Manavgat'ta etkili olan orman yangınlarında yanan alanlardan yükselen küller, rüzgarın etkisiyle Serik ilçesine bağlı Belek Turizm Merkezi ve Boğazkent'e kadar taşındı. Belek sahilleri, rüzgarın getirdiği külle doldu. Bölgede tatil yapanlar, sahildeki bu durumun fotoğraf ve görüntülerini sosyal medya hesaplarından paylaştı.

Diğer yandan Antalya Aile ve Sosyal Hizmetler İl Müdürlüğü ekipleri, Manavgat'ta halen devam eden yangının ilk saatlerinde başladıkları psiko-sosyal destek çalışmalarını 41 personelle sahada sürdürüyor. Aile ve Sosyal ve Hizmetler Bakanı Derya Yanık, yangınların devam ettiği 6 ilde 101 uzman personelle 324 haneye ulaşılarak 1142 kişiye psiko-sosyal destek verildiğini açıkladı.

Manavgattaki büyük yangın 3üncü gününde

MAĞDUR OLAN AİLELERE KAYNAK

Bakan Derya Yanık, sosyal medya hesabından yaptığı paylaşımda, yerleşim alanlarını da etkileyen yangınlarda mağdur olan hanelerin acil ve temel ihtiyaçlarının karşılanabilmesi amacıyla, Sosyal Yardımlaşma ve Dayanışma Vakıflarına kaynak aktardıklarını söyledi. Bakan Yanık, "Yerleşim alanlarını da etkileyen yangınlarda mağdur olan hanelerin acil ve temel ihtiyaçlarının karşılanabilmesi amacıyla, Adana'da 3 milyon 500 bin TL, Antalya'da 5 milyon TL, Mersin'de 500 bin TL, Osmaniye'de 1 milyon TL olmak üzere Sosyal Yardımlaşma ve Dayanışma Vakıflarımıza kaynak aktarıyoruz" dedi.

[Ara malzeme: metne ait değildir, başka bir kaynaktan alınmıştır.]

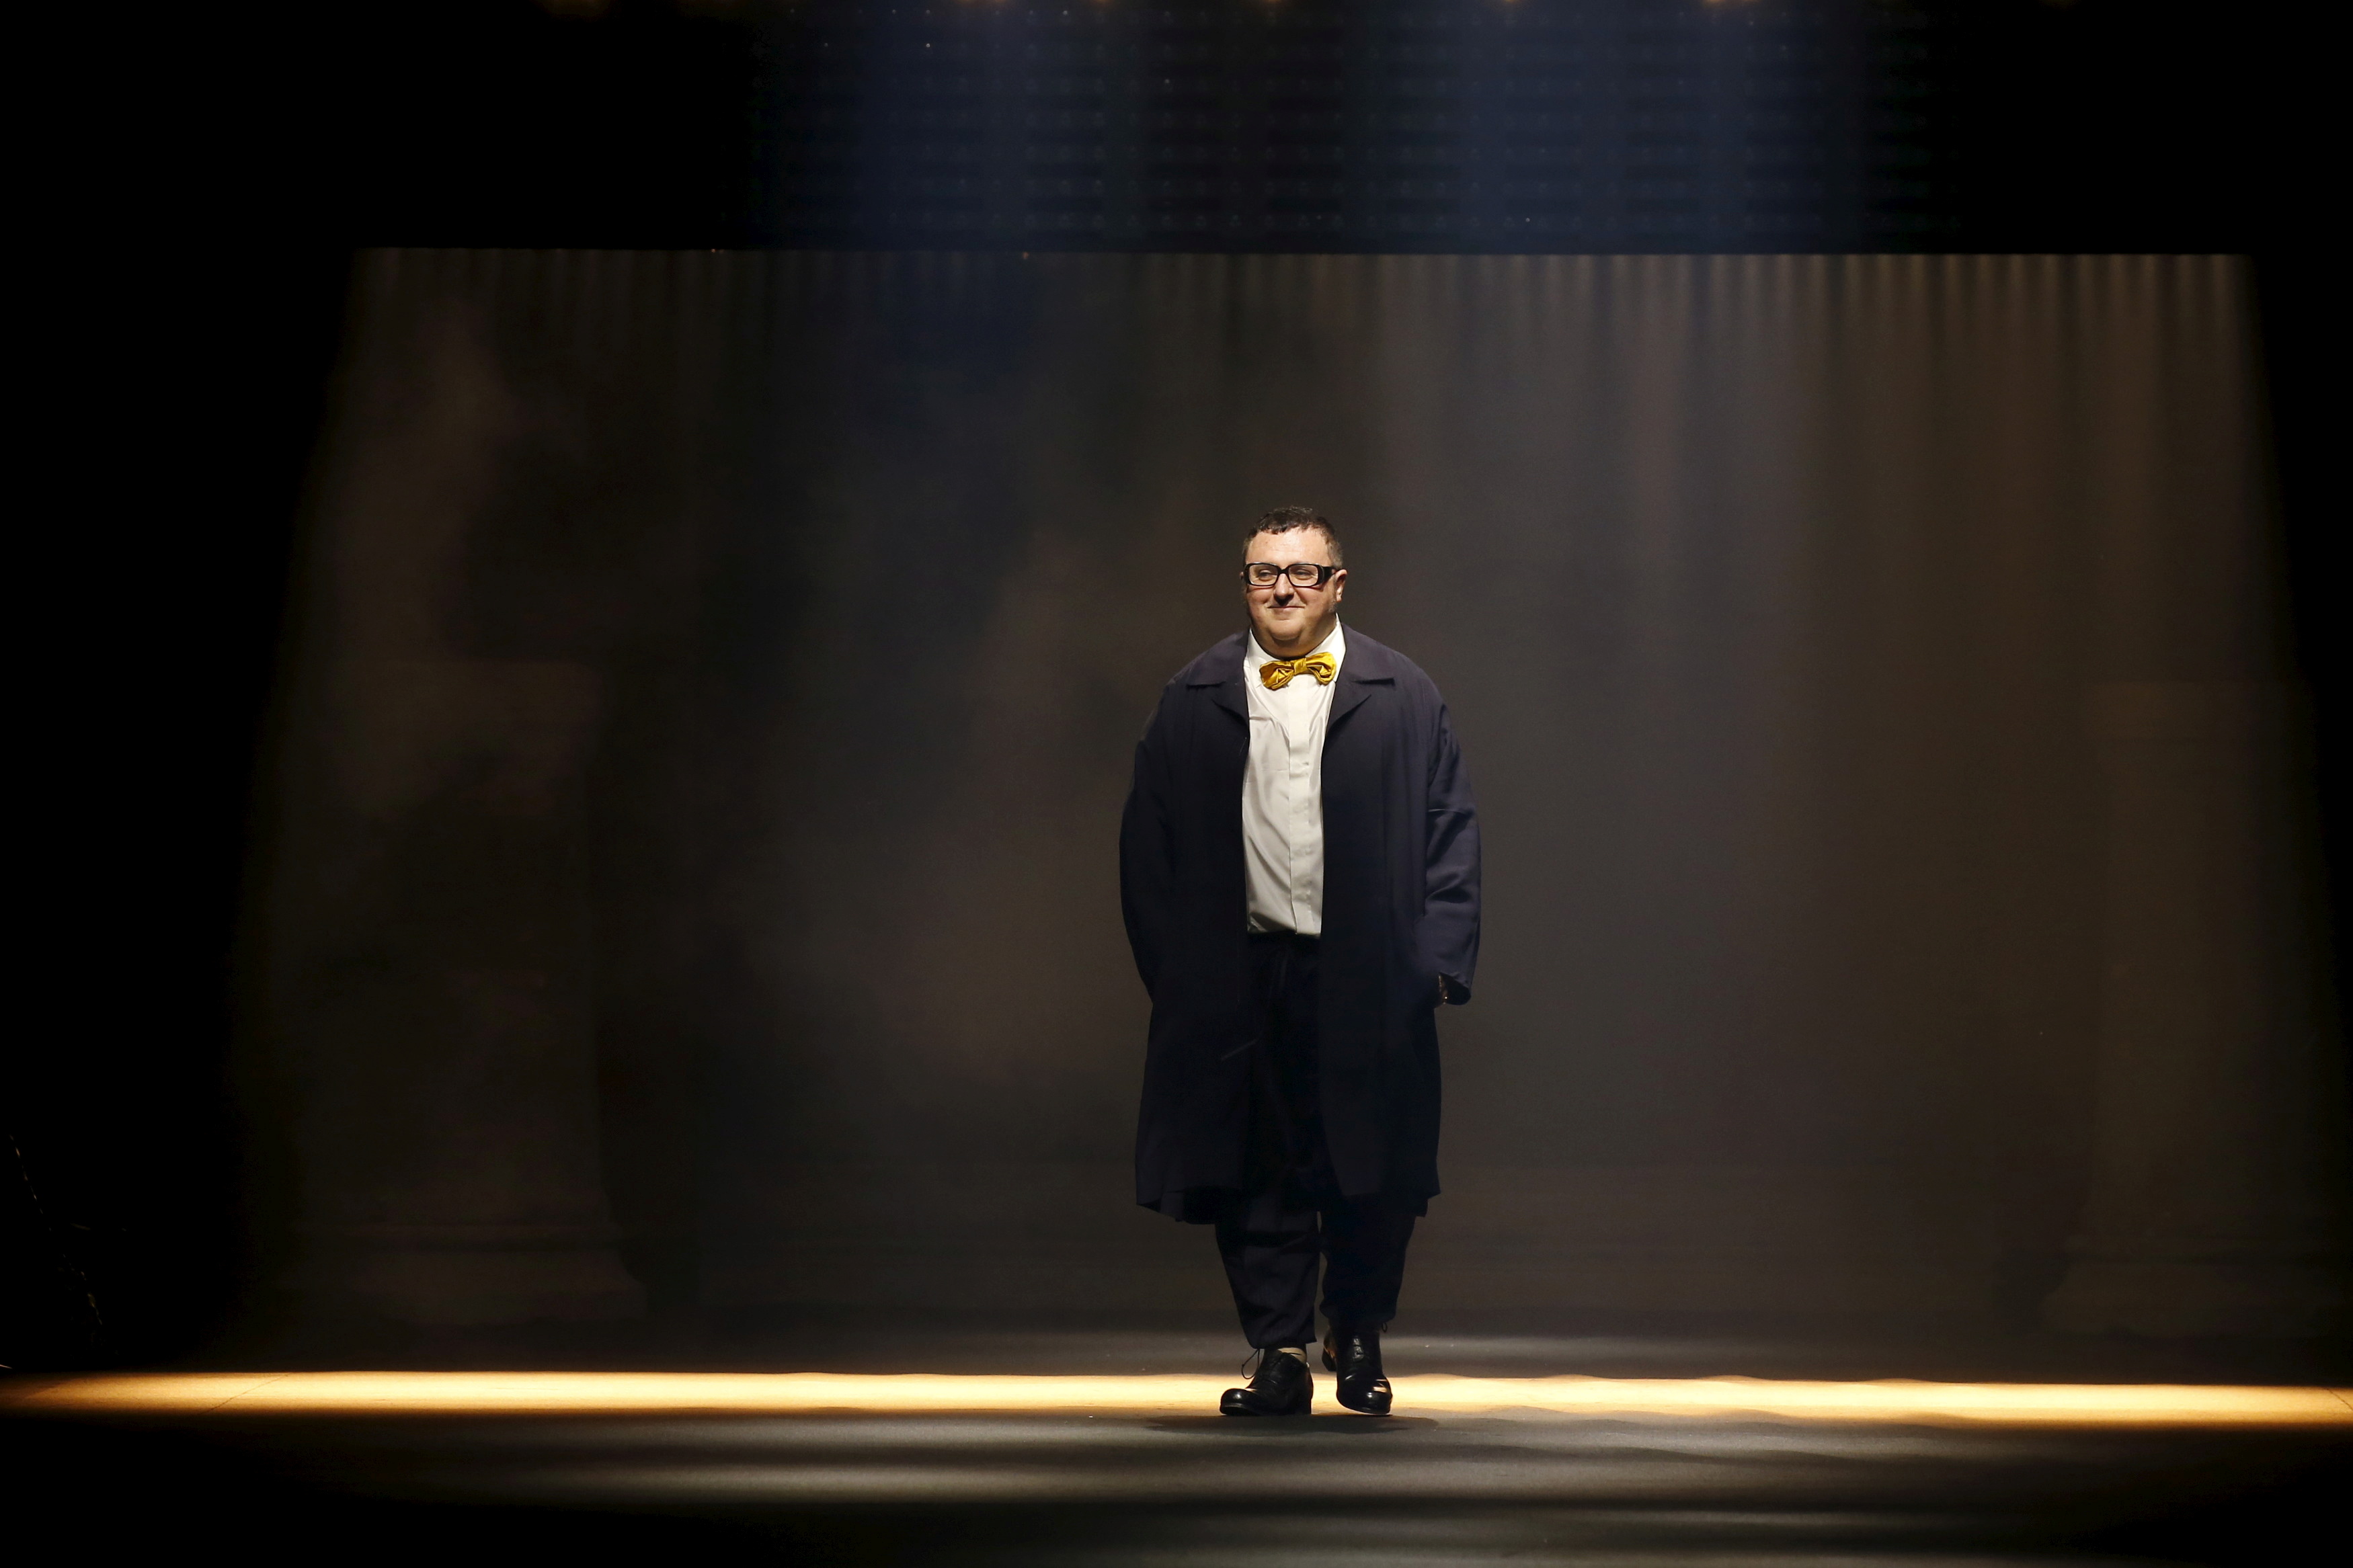 Israeli-American designer Alber Elbaz appears at the end of his Spring/Summer 2016 women's ready-to-wear fashion show for Lanvin in Paris

Manavgattaki büyük yangın 3üncü gününde

HASTANELERE 239 KİŞİ BAŞVURDU

Antalya İl Sağlık Müdürü Ünal Hülür, Manavgat'ta yangından etkilenen 239 kişinin hastanelere başvurduğunu söyledi. Hastaların tedavilerine devam edildiğini aktaran Hülür, şunları kaydetti:

"Ambulans, UMKE ve vatandaşların kendi imkanlarıyla dahil toplamda devlet hastanesi ve ilçedeki özel hastanelere getirilen 239 kişi tedaviye alındı. Servise yatırılarak tedavisi devam eden 10 hastamız var. Biri Antalya Eğitim ve Araştırma Hastanesi'nde yüzde 30 yanığı var, plastik cerrahi bölümüne yatırıldı. 5 hastamız özel bir hastanede tedavide ama hayati tehlikeleri yok. Yine 4 hastamızın da Manavgat Devlet Hastanemizdeki servislerde tedavileri devam ediyor. Diğer bütün hastalarımız taburcu oldu."

Manavgattaki büyük yangın 3üncü gününde

SARIGÜL: BUNUN HESABI MUTLAKA SORULMALI

Türkiye Değişim Partisi Genel Başkanı Mustafa Sarıgül, bu sabah Antalya'ya geldi ve Manavgat ilçesinde orman yangınından etkilenen mahalleleri gezdi. Kalemler, Kızılağaç, Delioğlan Deresi mevkilerinde, evleri, bahçeleri ve hayvanları yanarak ölen çiftçilerle konuşan Sarıgül, "Afetin ne kadar büyük olduğunu görüyoruz. Binlerce ormanımız yandı, ciğerimiz yandı masum hayvanlarımız yandı. Bunun hesabı mutlaka sorulması lazım" dedi. Sarıgül, incelemelerin ardından ilçeden ayrıldı.

YANGINLARLA İLGİLİ 4 BAKANDAN AÇIKLAMA

Tarım ve Orman Bakanı Bekir Pakdemirli, Dışişleri Bakanı Mevlüt Çavuşoğlu, Çevre ve Şehircilik Bakanı Murat Kurum, Ulaştırma ve Altyapı Bakanı Adil Karaismailoğlu, Türkiye'nin güney illerinde birçok noktada yaşanan orman yangınlarıla ilgili son durumları paylaştı.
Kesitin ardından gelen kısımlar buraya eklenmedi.